Die Vecna Die! is an Advanced Dungeons & Dragons (AD&D 2nd edition) module released in 2000 by Wizards of the Coast. The module is divided into three sections, each taking part in a different campaign setting: Greyhawk, Ravenloft, and Planescape. It was one of the last official adventures released for the 2nd edition of Dungeons & Dragons.

==Plot summary==
This adventure, and Vecna's multiverse-shattering plan contained within it, have been used by some D&D fans as an in-game explanation of the differences between the 2nd and 3rd editions of Dungeons & Dragons. The closing paragraph of the module reads as follows:

"Even with Vecna's removal, his time in the crux effected change in superspace. Though the Lady of Pain attempts to heal the damage, the turmoil spawned by Vecna's time in Sigil cannot be entirely erased. Some Outer Planes drift off and are forever lost, others collide and merge, while at least one Inner Plane runs "aground" on a distant world of the Prime. Moreover, the very nature of the Prime Material Plane itself is altered. Half-worlds like those attached to Tovag Baragu multiply a millionfold, taking on parallel realism in what was before a unified Prime Material Plane. The concept of alternate dimensions rears its metaphorical head, but doesn't yet solidify, and perhaps it never will. New realms, both near and far, are revealed and realms never previously imagined make themselves known. Entities long thought lost emerge once more, while other creatures, both great and small, are inexplicably eradicated. Some common spells begin to work differently. The changes do not occur immediately, but instead are revealed during the subsequent months. However, one thing remains clear: Nothing will ever be the same again."

==Publication history==
Die Vecna Die! was written by Bruce Cordell and Steve Miller, with cover art by Paul Bonner and interior art by Kevin McCann. It is a 160-page softcover book designed for four to six characters of levels 10 to 13.

==Reception==
Shannon Appelcline comments that as the Advanced Dungeons & Dragons line ended, Wizards produced Die Vecna Die! as

an original adventure that touched upon the oldest locales and the most ancient myths of the D&D game, while still presenting something entirely new. The result was […] an adventure that played two ancient artefacts – the Eye and Hand of Vecna – against the cambion demigod Iuz and which featured a trek through the campaign settings of Greyhawk, Ravenloft and Planescape. It was the final product published under the TSR brand, the final book for AD&D and truly the end of an era.

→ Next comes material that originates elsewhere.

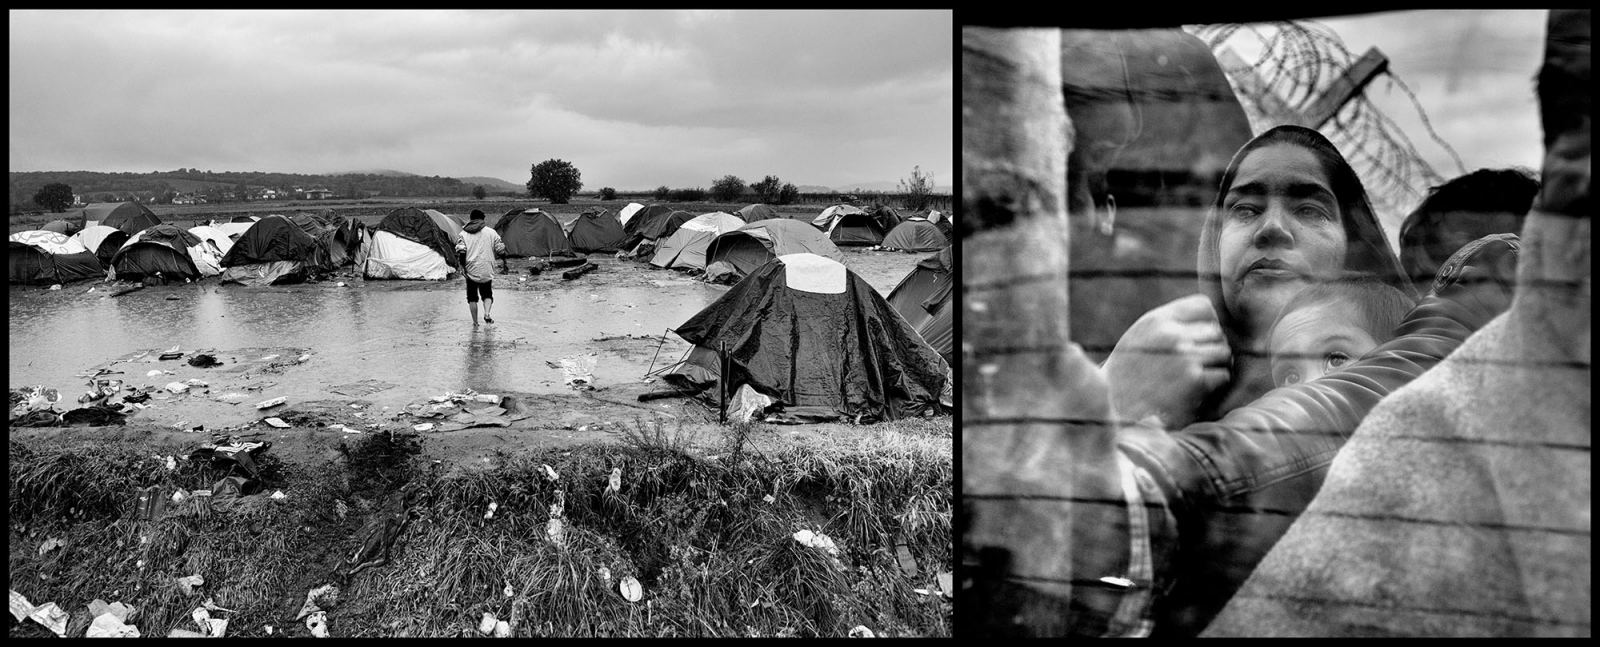 Art and Documentary Photography - Loading Nikos_Pilos_Stern_Goethe_institute_023.jpg
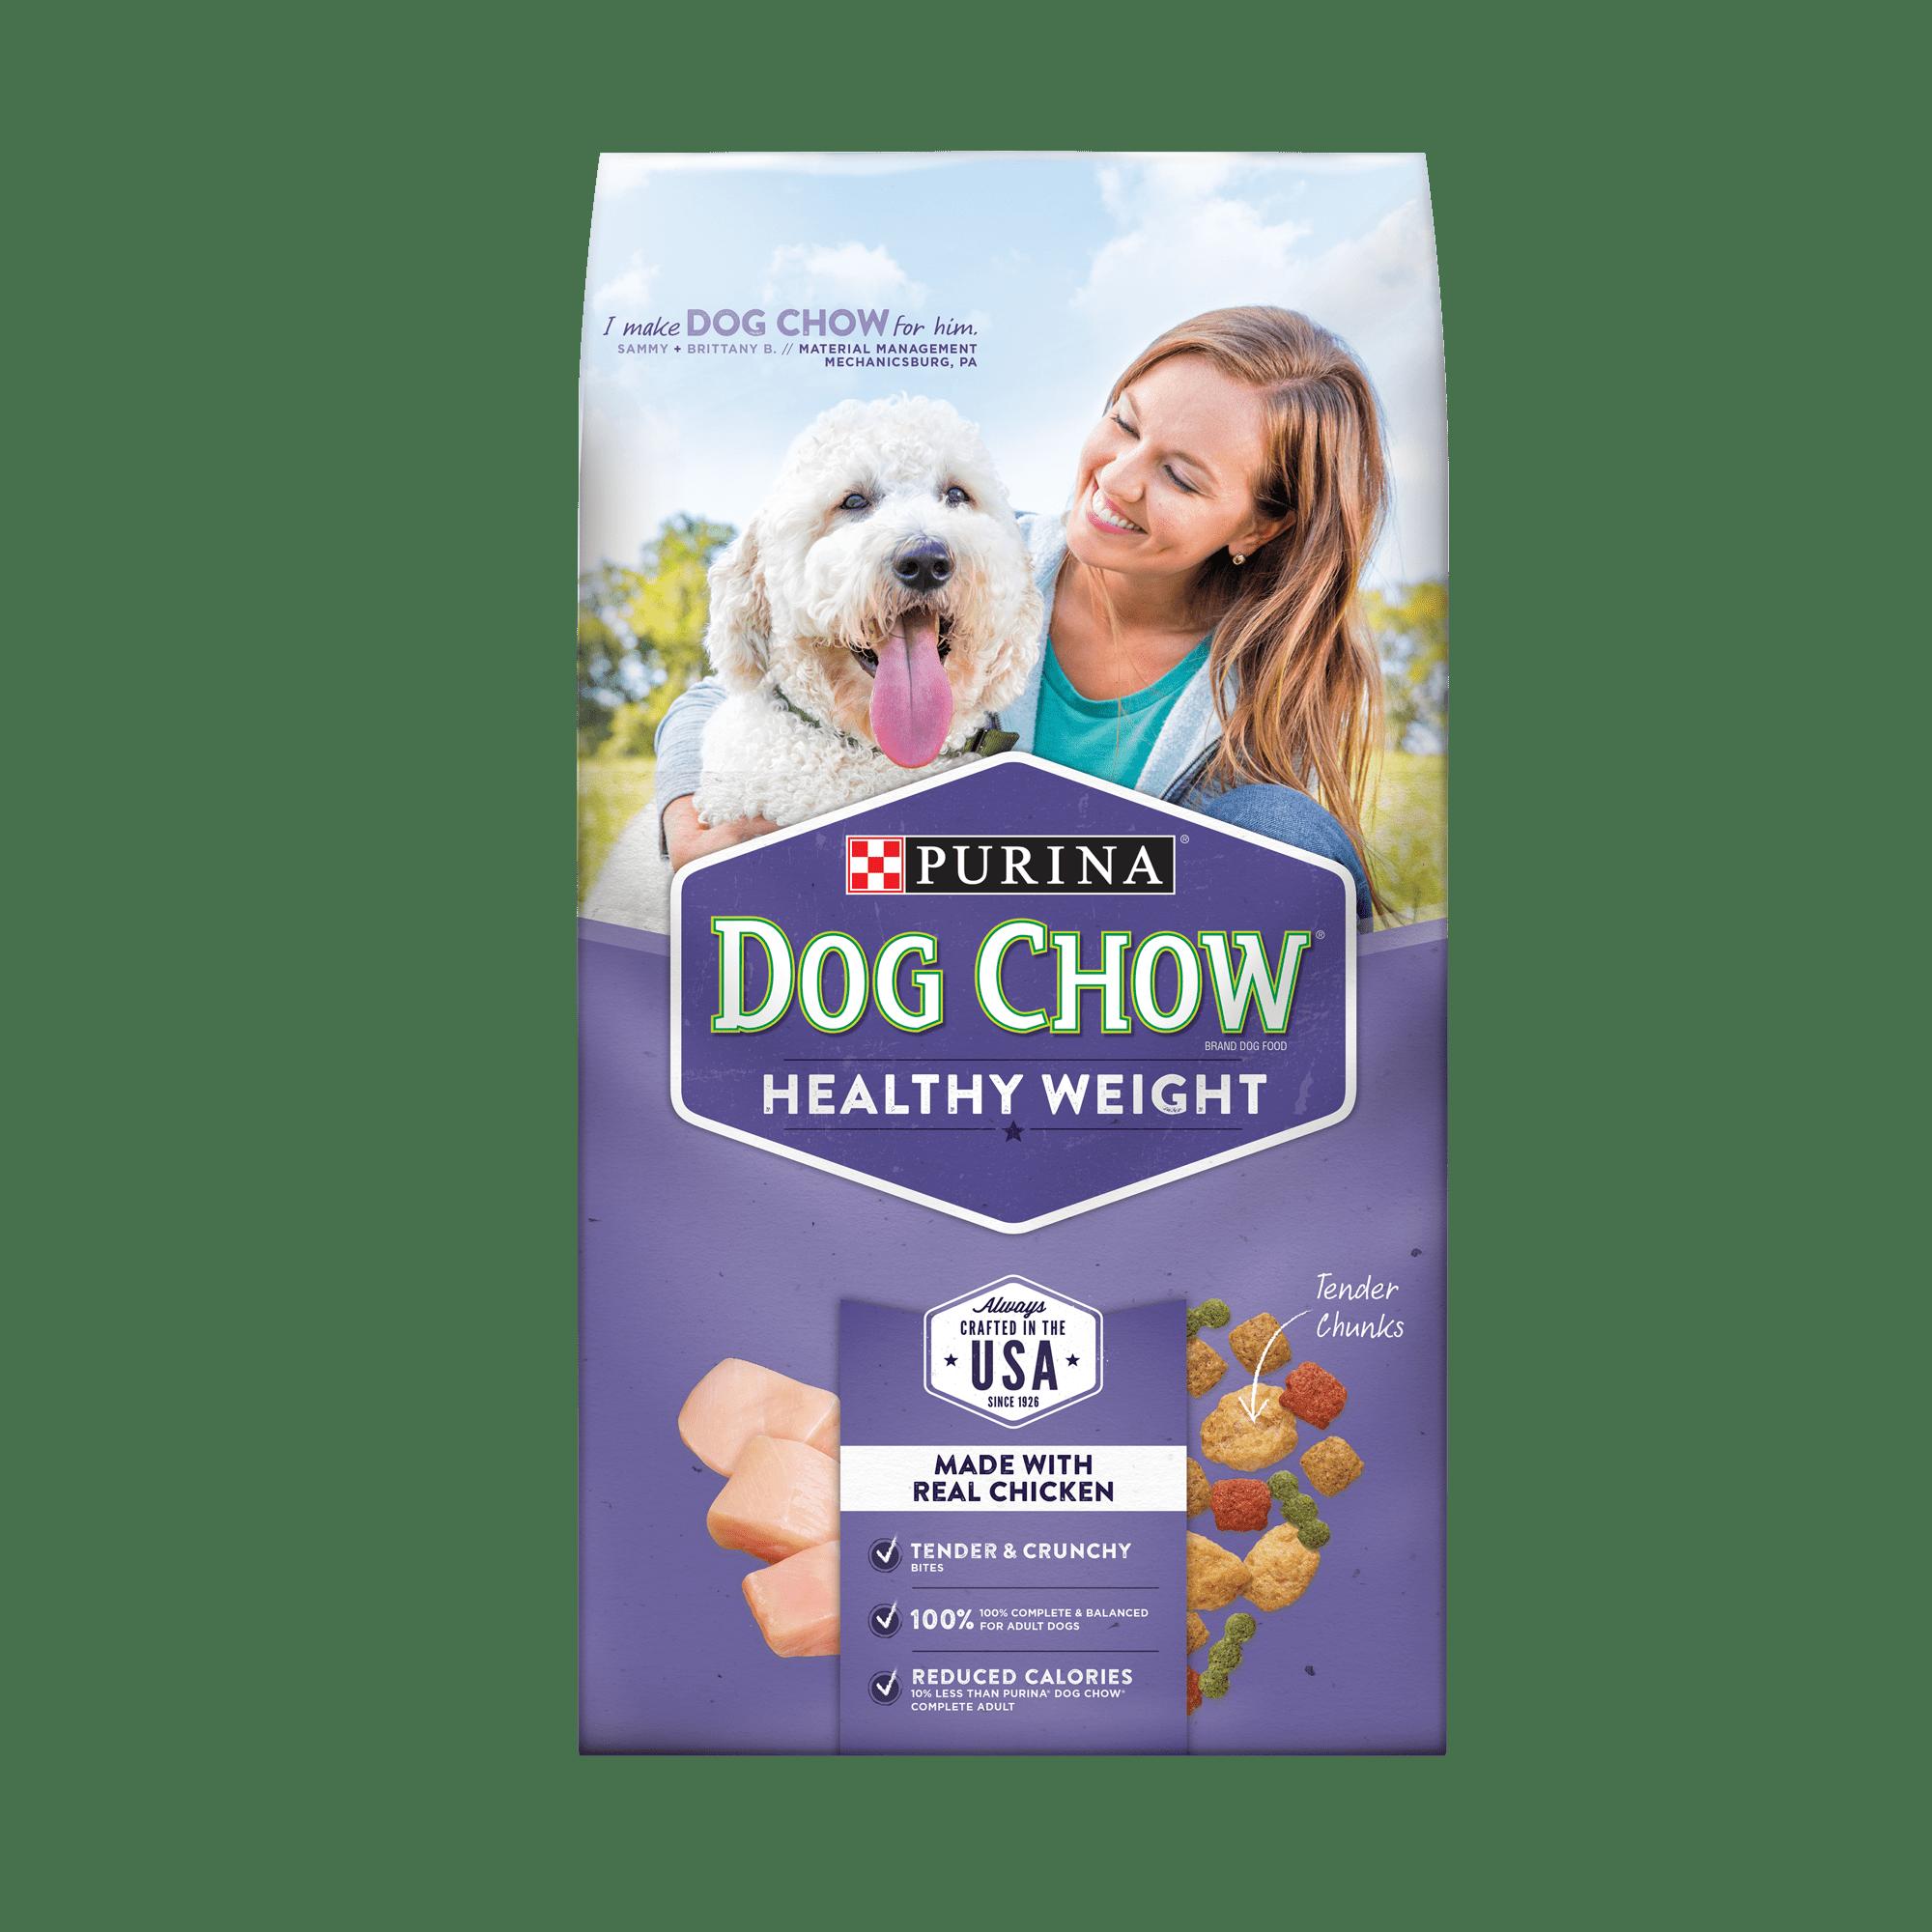 Purina Dog Chow Healthy Weight Adult Dry Dog Food - 4 lb. Bag

In 2013, Alex Lucard, for Diehard GameFAN, wrote:

Die Vecna, Die is more of a campaign than a mere adventure, and it's arguably the most ambitious thing ever put out for Second Edition AD&D. Die Vecna, Die is no mere adventure, but a massive undertaking for high level characters, seeing them go through not one, but THREE different campaign settings. [...] Players will encounter some of the most iconic and evil characters in all of Dungeons & Dragons, and have to witness firsthand the end of the Second Edition Universe, and the beginning of Third Edition. [...] It's a damn shame how overlooked and underrated Die Vecna, Die is, as it's easily the best long campaign like adventure ever put out for Second Edition. It's a massive undertaking akin to, say Horror on the Orient Express for Call of Cthulhu, but much like that seminal work, Die Vecna, Die is worth it, especially if you are a fan of any or all of the campaign settings that you will work your way through here.